We recently documented how Amazon has come under fire from its merchants for allegedly trying to undercut them on pricing and products. Now, the e-commerce giant is under scrutiny for a different reason: security. Amazon is now saying it was hit by an "extensive" fraud last year, revealing in court documents that hackers were able to transfer funds from merchant accounts over the course of six months, according to Bloomberg.
The "serious" online attack included hackers breaking into about 100 seller accounts and moving cash from loans or sales into their own bank accounts. The hack took place between May 2018 and October 2018, according to Amazon’s lawyers.
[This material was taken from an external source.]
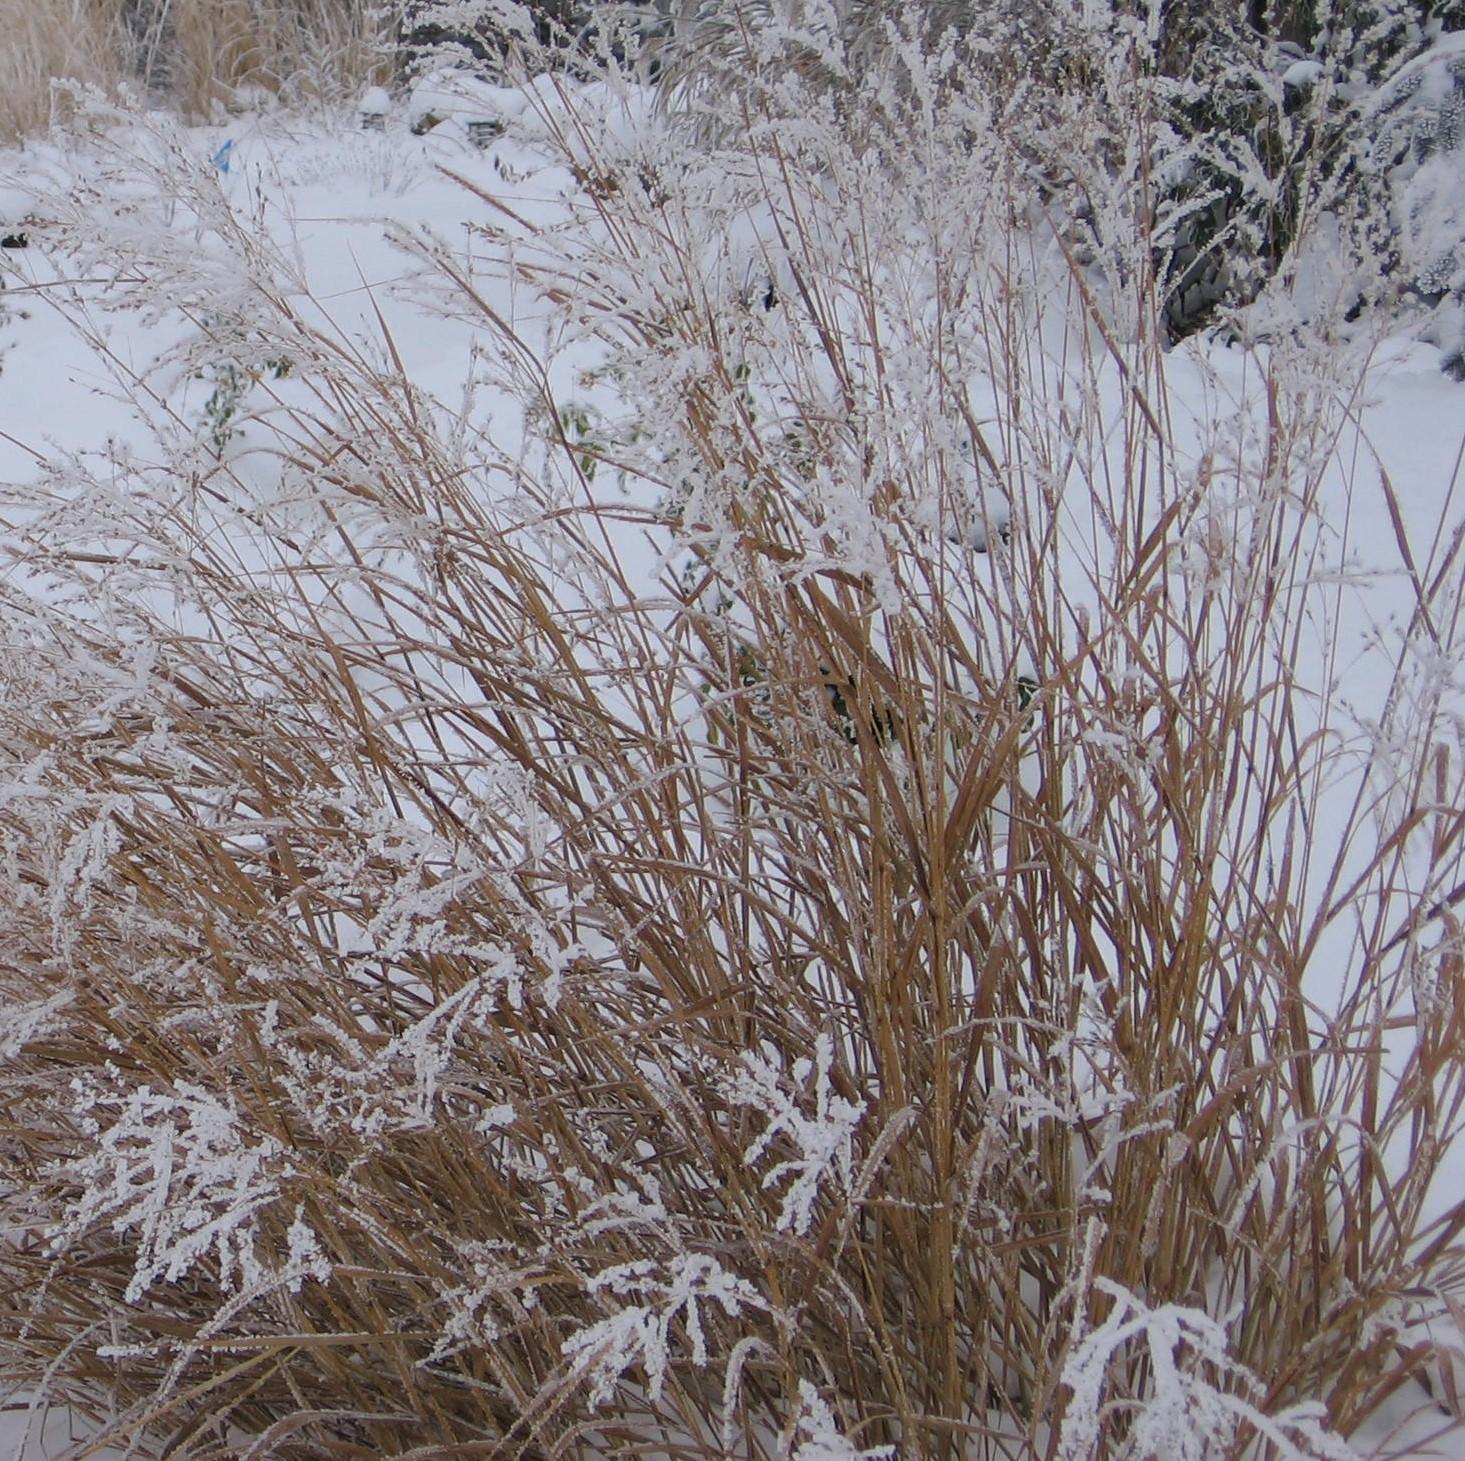 Switch grass - Panicum virgatum - in rare central Texas snow

Amazon said it was still looking into the compromised accounts and that it believed hackers changed the details on its Seller Central platform to bank accounts in their name. Amazon believes that the accounts were compromised by phishing techniques that looked for login information. Amazon has reportedly concluded its investigation of the incident.
Lawyers for the online retailer asked a judge in London to approve searches of account statements at Barclays and Prepay, two banks that "have become innocently mixed up in the wrongdoing." Amazon says that it needed the documents “to investigate the fraud, identify and pursue the wrongdoers, locate the whereabouts of misappropriated funds, bring the fraud to an end and deter future wrongdoing."
The filing doesn’t denote how the suspected wrongdoers were able to add new bank account information to merchant accounts. Amazon has issued more than $1 billion in loans to merchants and one of the units named in the filing was Amazon Capital Services U.K., a division of the company responsible for making these loans.